Wauwatosans, officials observe vigil for Officer Jennifer Sebena
Participants reflect on domestic violence, mental health outside Village church
A vigil for Jennifer Sebena Friday drew about 50 people on a bitterly cold evening to remember the slain officer and wrest meaning from her death.
"We can better the cold, we can better the storm, because we know that we can make it through anything as long as we are here together," said Charles Walton, director of Career Youth Development and its Survivors of Homicide grief and support group, which organized the vigil along with the Peace for Change Alliance.
Elected officials, police officers, firefighters, clergy and local citizens were among those present in the lot just north of the site of the killing outside the Wauwatosa Fire Department at 1601 N. Underwood Ave.
"The Wauwatosa community has been overwhelming in their support of our department," Police Chief Barry Weber said. "What we find that uplifts us in our hearts was Jen was really strong in her faith. So we know that at that point when she left this world, we know where she's at and we gather strength from that."
Mayor Kathy Ehley said this has been a very challenging time for the whole community.
"We need to all share and shoulder this pain and this responsibility together, and we can't forget in the coming months that we need to be there for one another, care for one another, check in to see how we're doing," she said. "It's a very sad time."
Pastor Margaret Schoewe of St. Matthew's Lutheran Church, which is just half a block from the fire station, said she saw the immediate support of the community.
"I just wanted to testify to the love that we saw on Christmas Eve," Schoewe said. "It was hard to come here to be surrounded by all of the barricades, the tape, the blue lights. We couldn't use our regular entrance…and we thought 'Who will come? They'll be afraid of the violence.' Thirteen hundred people came and celebrated and witnessed to the love of God in this community."
Facing mental health
Officer Sebena's husband is accused of shooting her, and mental health and domestic violence were themes that arose in the minds of many.

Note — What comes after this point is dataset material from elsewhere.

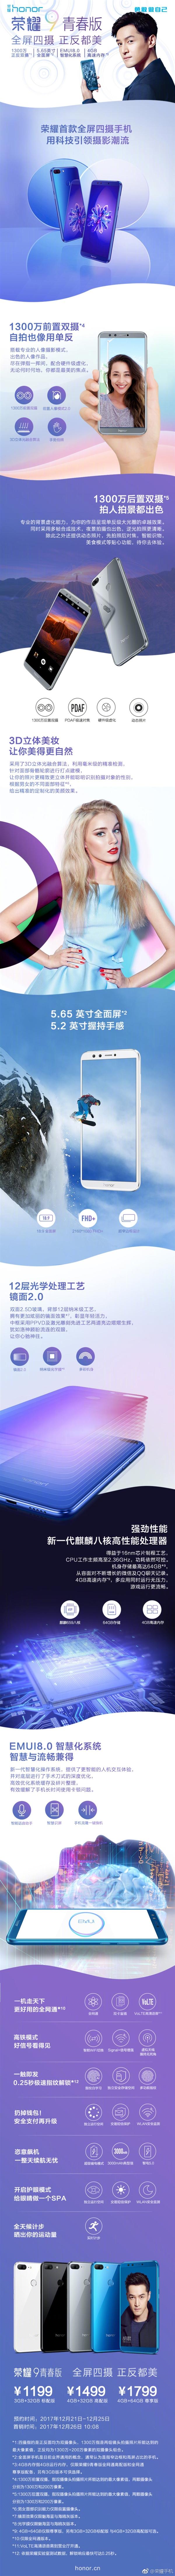 1199元!一张图看懂荣耀9青春版:四摄全面屏/安卓8.0
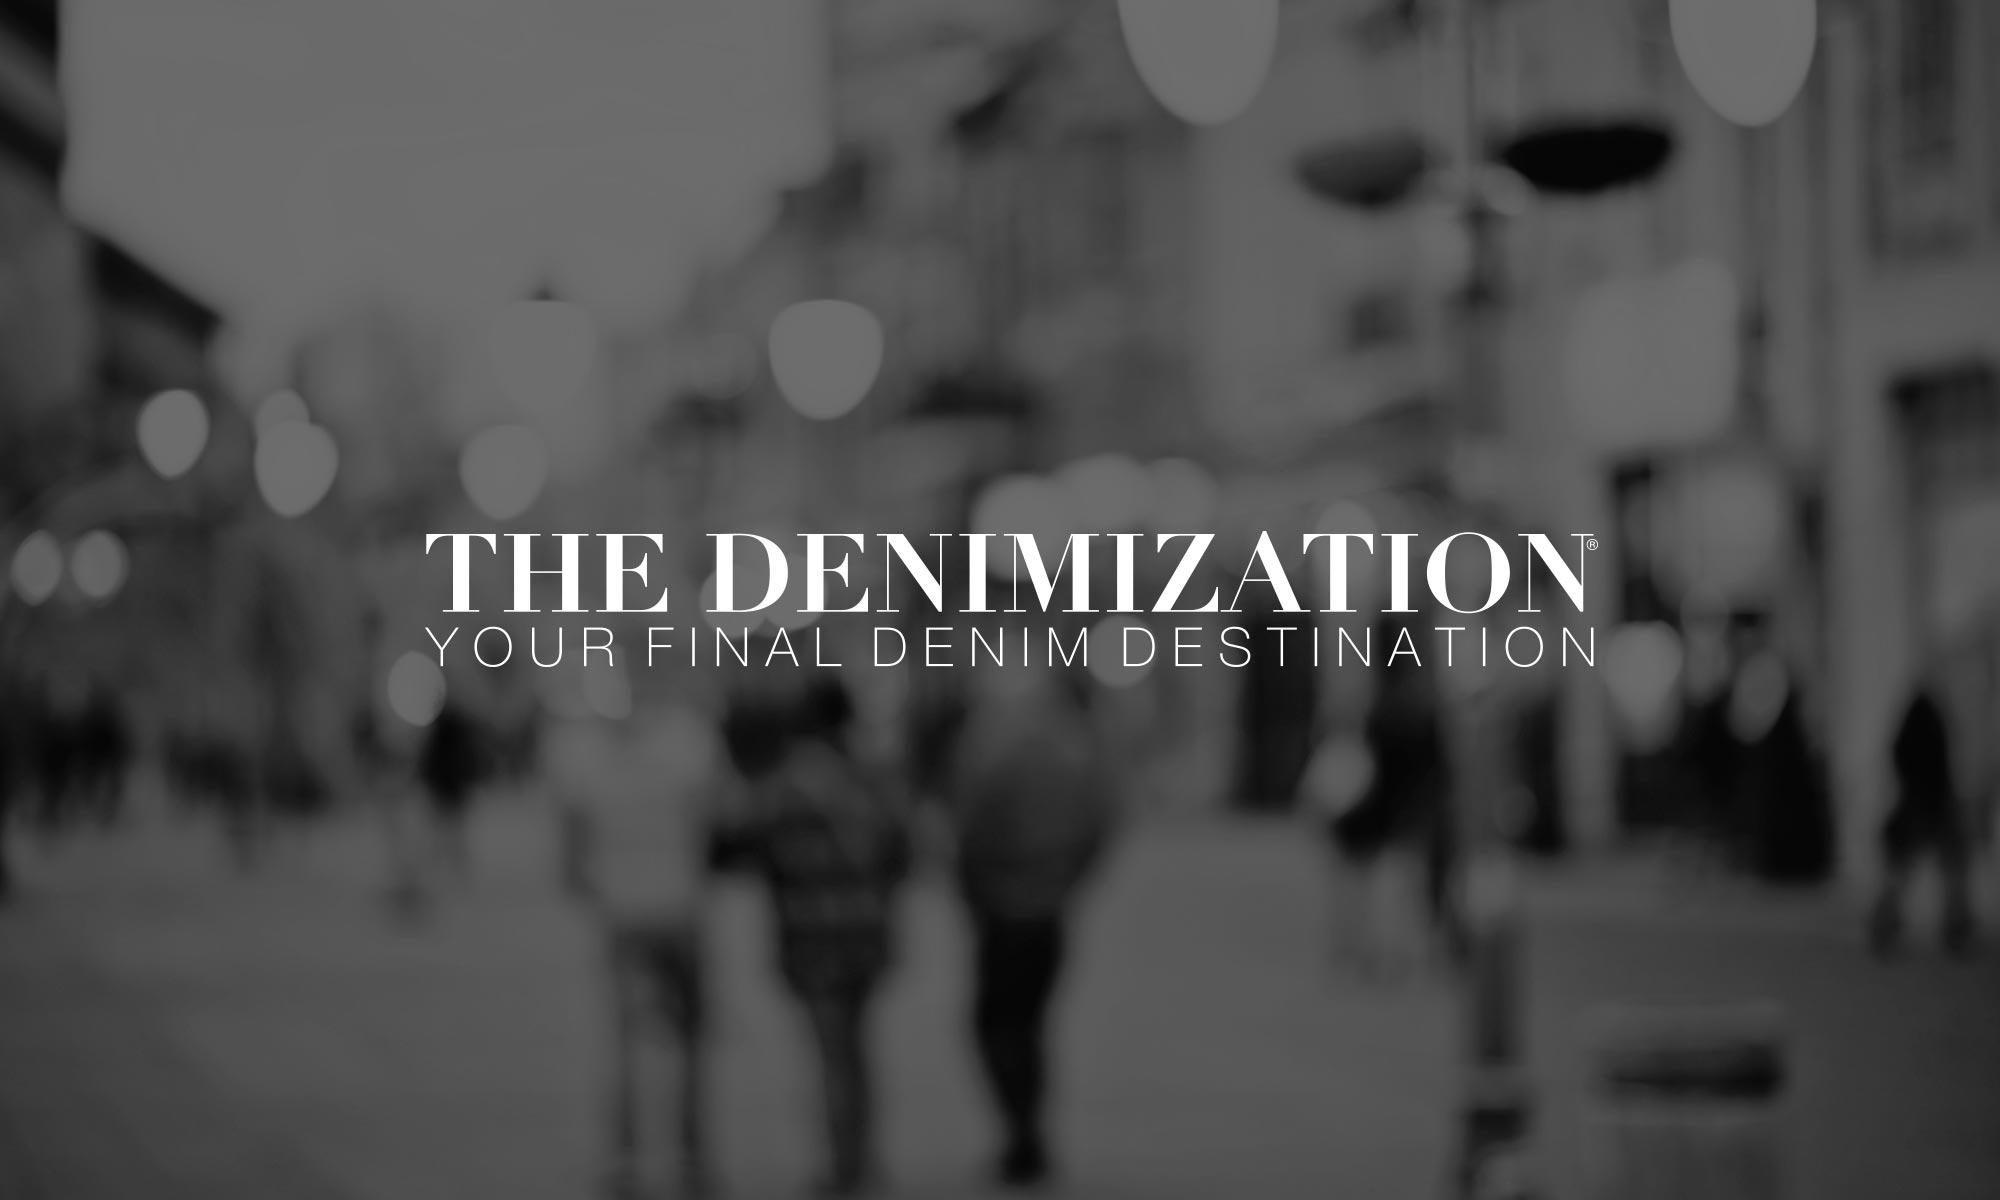 https://www.atelierzoz.com/wp-content/uploads/2020/03/works_denimization-1.jpg

"It's a moment to check on others, to check on our mental health, because in this nation, mental health issues are running rampant, and people are turning to violence," said State Senator Lena Taylor, whose 6th District shares a border with Wauwatosa to the north.
"You never know what asking someone how they're doing (will do), giving someone a hug - we don't know," Taylor said. Protecting the protectors
No one is immune to domestic violence, Milwaukee City Treasurer Spencer Coggs said.
"Who protects the protectors?" he asked. "We all do. We can do something about the scourge of domestic violence, and I want everyone here to do it in Jennifer's name. Jennifer was somebody's daughter, she was somebody's neighbor, she was somebody's friend and, today, as I look at all you all, she's obviously all of our sister."
"It's the people who wear the uniform of their country, who wear the uniform of the city as a police officer or a firefighter, those are the heroes," Tosa Alderman Don Birschel said. "Not the baseball players who make a lot of money, not the actors in Hollywood who spout off whenever they can, it's the men and women who wear the uniform of their country and of their communities - they are all the real heroes."
Ending domestic violence
No one, no community is immune, said Alderman Dennis McBride.
"We like to pretend in Wauwatosa that these things don't happen here - but they do," he said. "And I think the police officers here will tell us that the most common form of homicide is one that happens between two people that know each other intimately, and that's something that has to stop."
McBride said the support of those outside the community has been important.
"I'd like to thank all the people who are not from Wauwatosa for coming here and supporting our firefighters and our police officers, but also supporting the rest of us in our grief."